I'm trying to find millions of points inside a half-dozen polygons. Here is my code:
def find_shape(longitude,latitude): if longitude != 0 and latitude != 0: point = shapely.geometry.Point(longitude,latitude) else: return "Unknown" for current_shape in all_shapes: if current_shape['bounding_box'].contains(point): if current_shape['shape'].contains(point): return current_shape['properties']['ShapeName'] break return "Unknown"
I read other questions regarding performance improvements for point-to-polygon queries spectacularly. They offer rtrees. However, this seems to be useful for cases where there are many polygons ( 36,000 in one question , 100,000 in another ), and it is not advisable to iterate over them.
I am already creating a bounding box, as you can see. Here is my form setup code:
with fiona.open(SHAPEFILE) as f_col: all_shapes = [] for shapefile_record in f_col: current_shape = {} current_shape['shape'] = shapely.geometry.asShape(shapefile_record['geometry']) minx, miny, maxx, maxy = current_shape['shape'].bounds current_shape['bounding_box'] = shapely.geometry.box(minx, miny, maxx, maxy) current_shape['properties'] = shapefile_record['properties'] all_shapes.append(current_shape)
Would it also be useful to check out another very simplified version of the form , namely one of the largest inscribed rectangle (or maybe a triangle)?
Checking beautiful documents, there is no function for this. Perhaps some simplify() settings? Of course, I always want to make sure that the new simplified form does not go beyond the original form, so I do not need to call contains() on the actual figure. I also think that I want to make the new simplified form as simple as possible for speed.
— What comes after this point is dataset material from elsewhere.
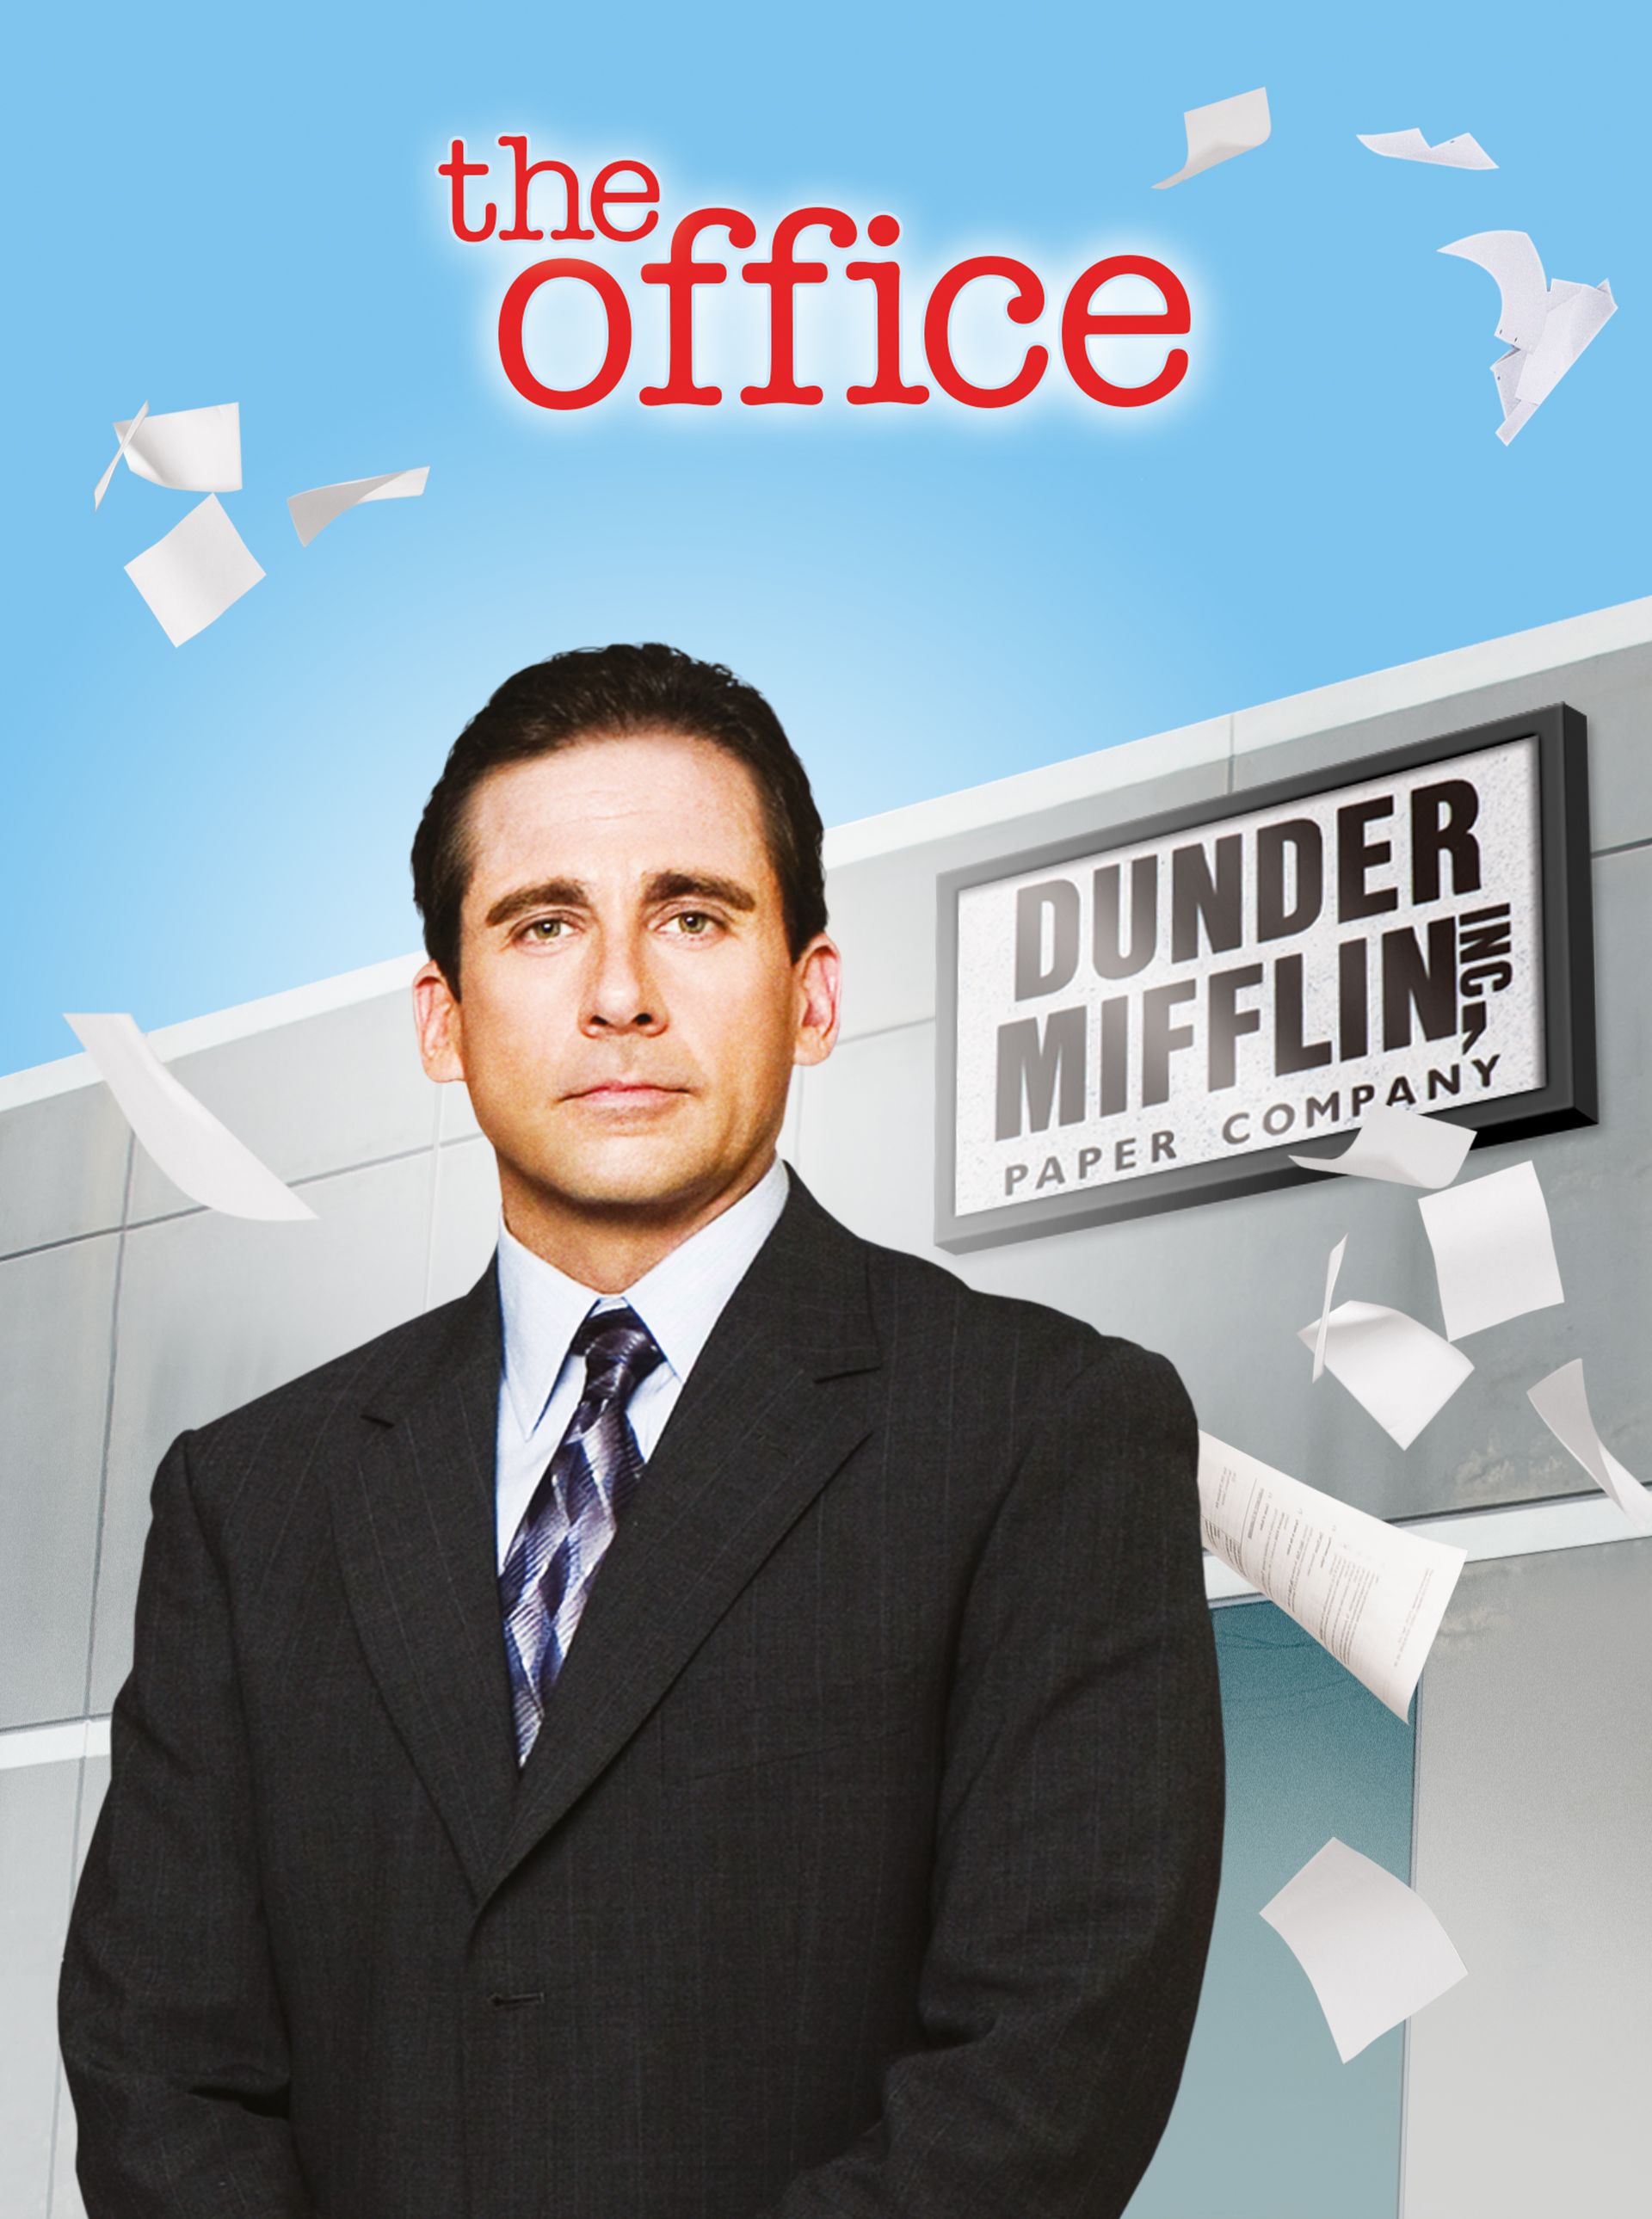 The Office (U.S.) (2004)

Any other suggestions are also welcome. Thanks!
EDIT : awaiting answers, I applied this idea to create a simplified form that meets my requirements:
current_shape['simple_shape'] = current_shape['shape'].simplify(.5) current_shape['simple_shape'] = current_shape['simple_shape'].intersection(current_shape['shape'])
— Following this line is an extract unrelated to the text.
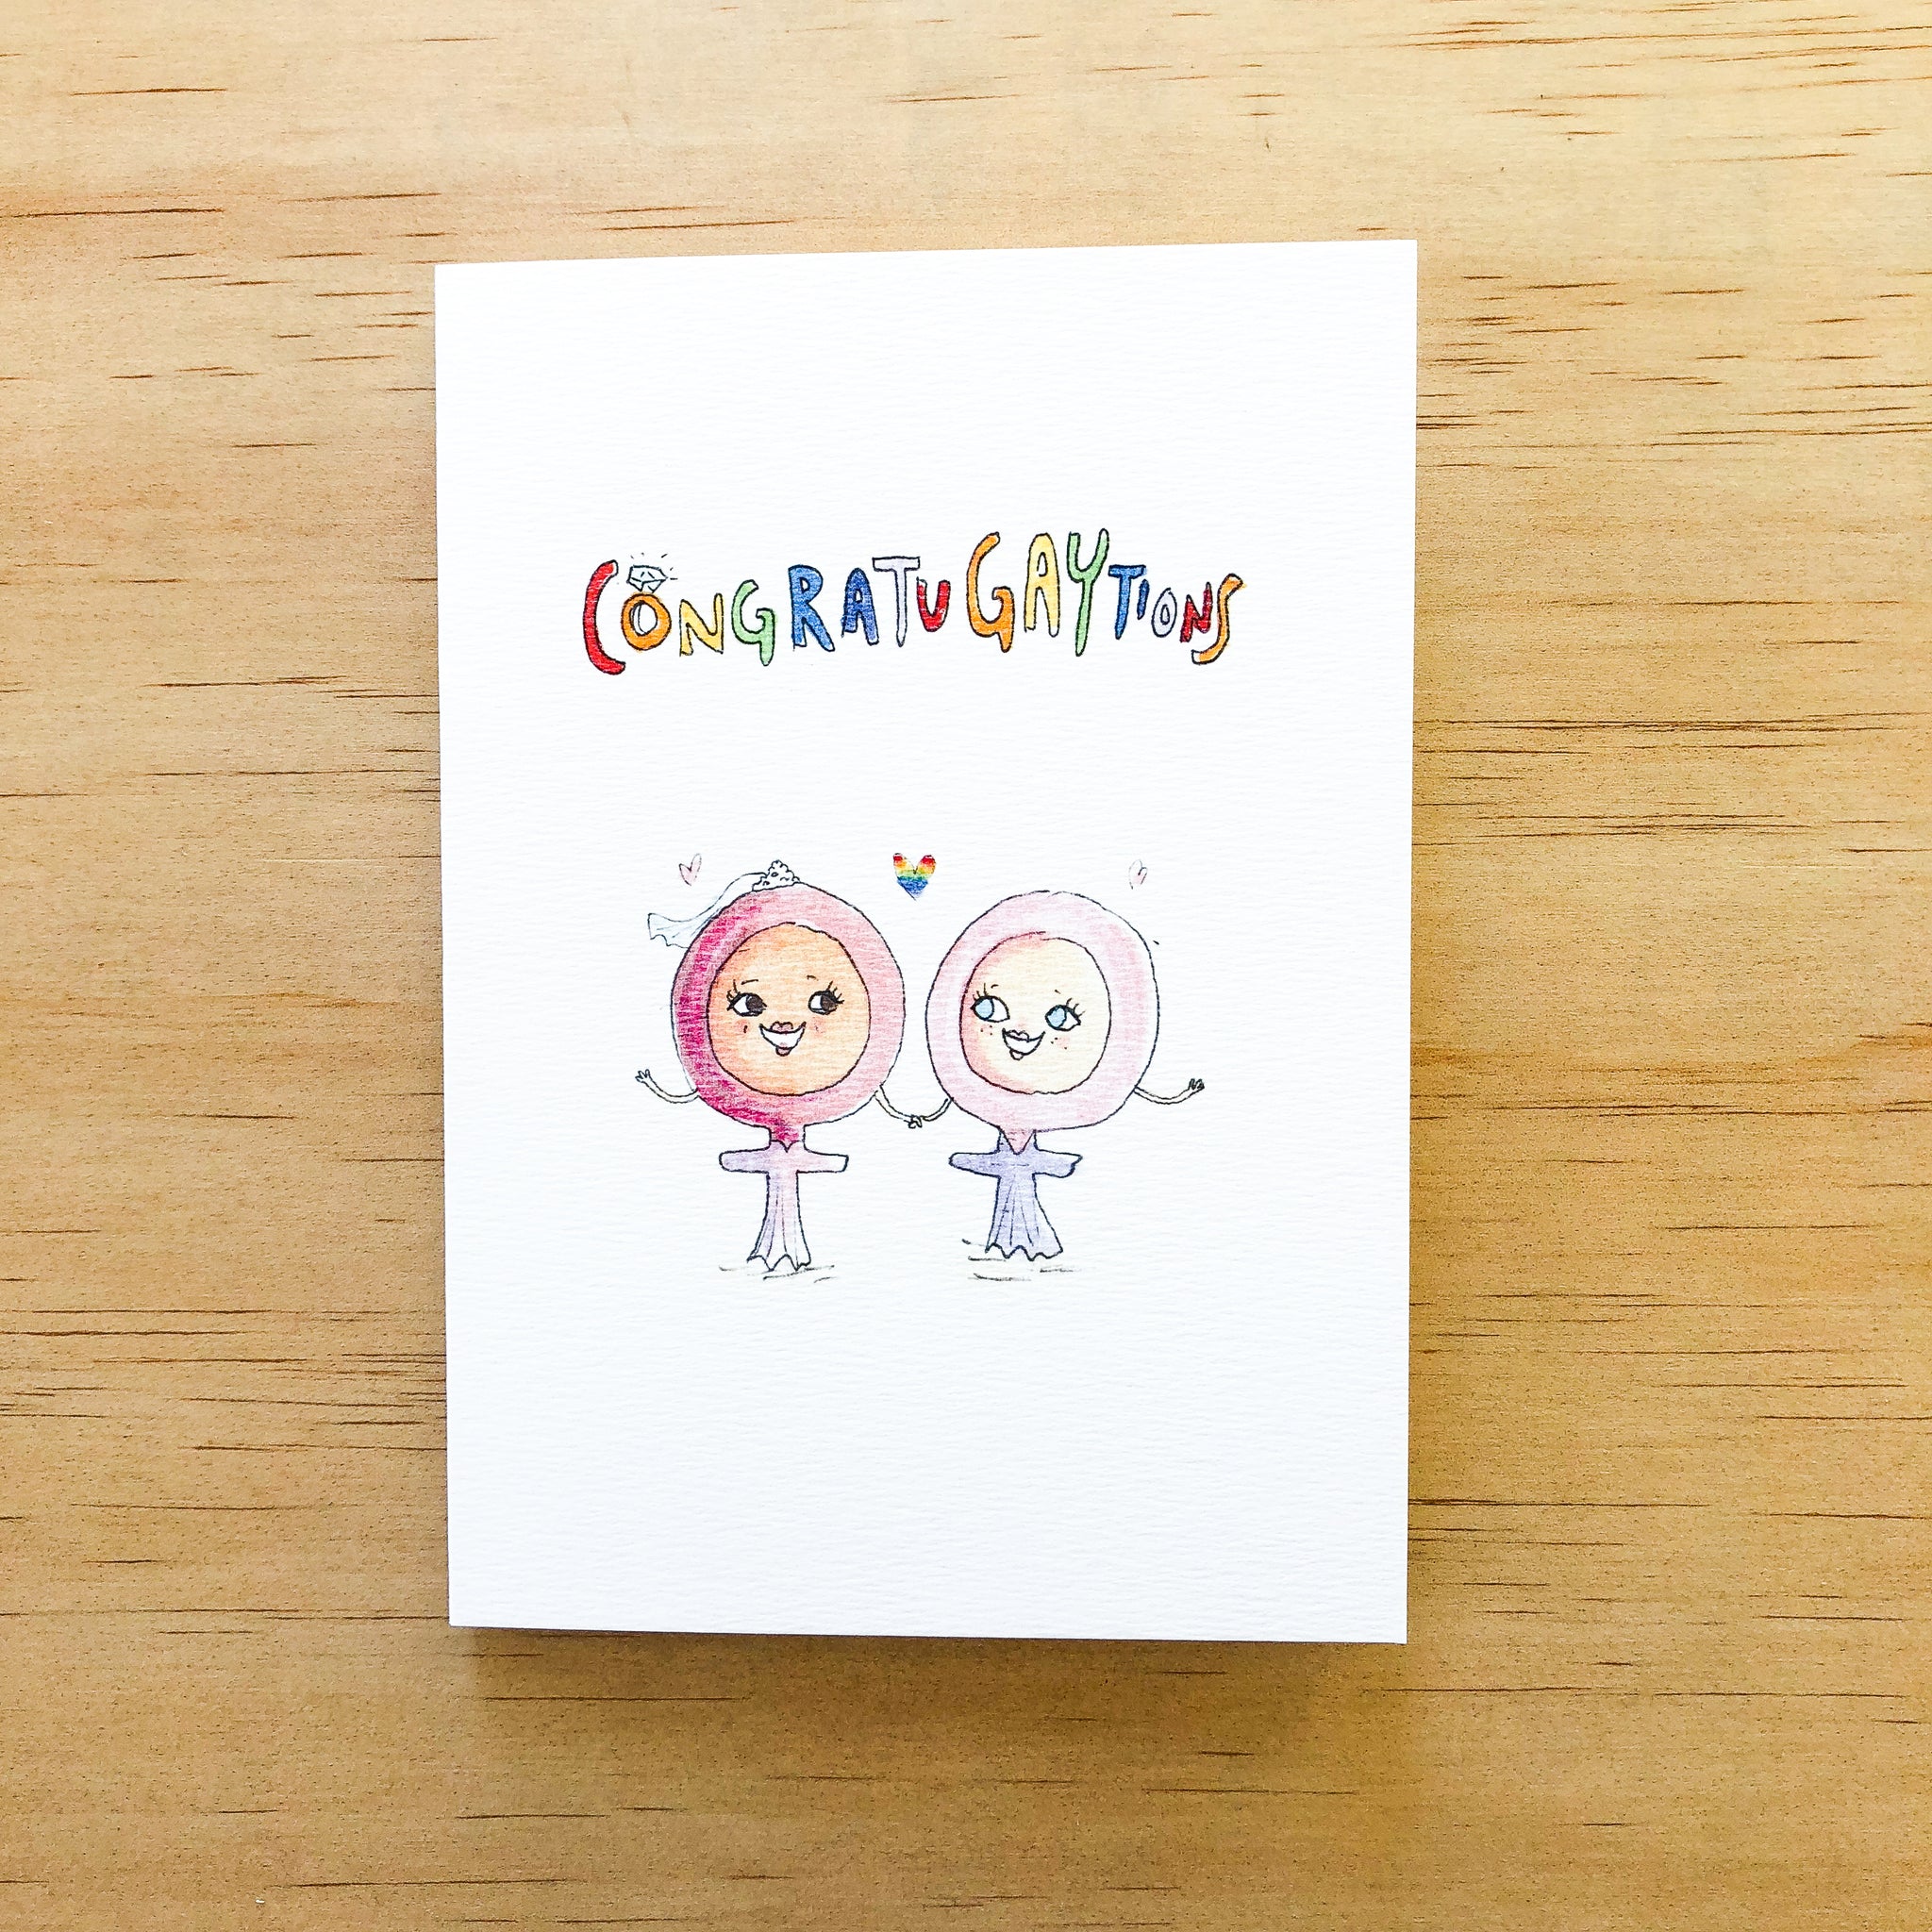 Congratugaytions - Female | Greeting Wishing Card | Hand-made Card

Here's how I use it when testing each point:
if current_shape['simple_shape'].contains(point): return current_shape['properties']['ShapeName'] elif current_shape['shape'].contains(point): return current_shape['properties']['ShapeName']
This is not ideal, because the form is not as simple as it can be after performing the necessary intersection() . However, this approach has reduced processing time by 60%. In my tests, a simple polygon is used on 85% of point queries.
EDIT 2 . Another related question regarding GIS StackExchange: Python efficiency - we need more efficient ways to use OGR and Shapely . This refers to 1.5 million points in about 3,000 polygons.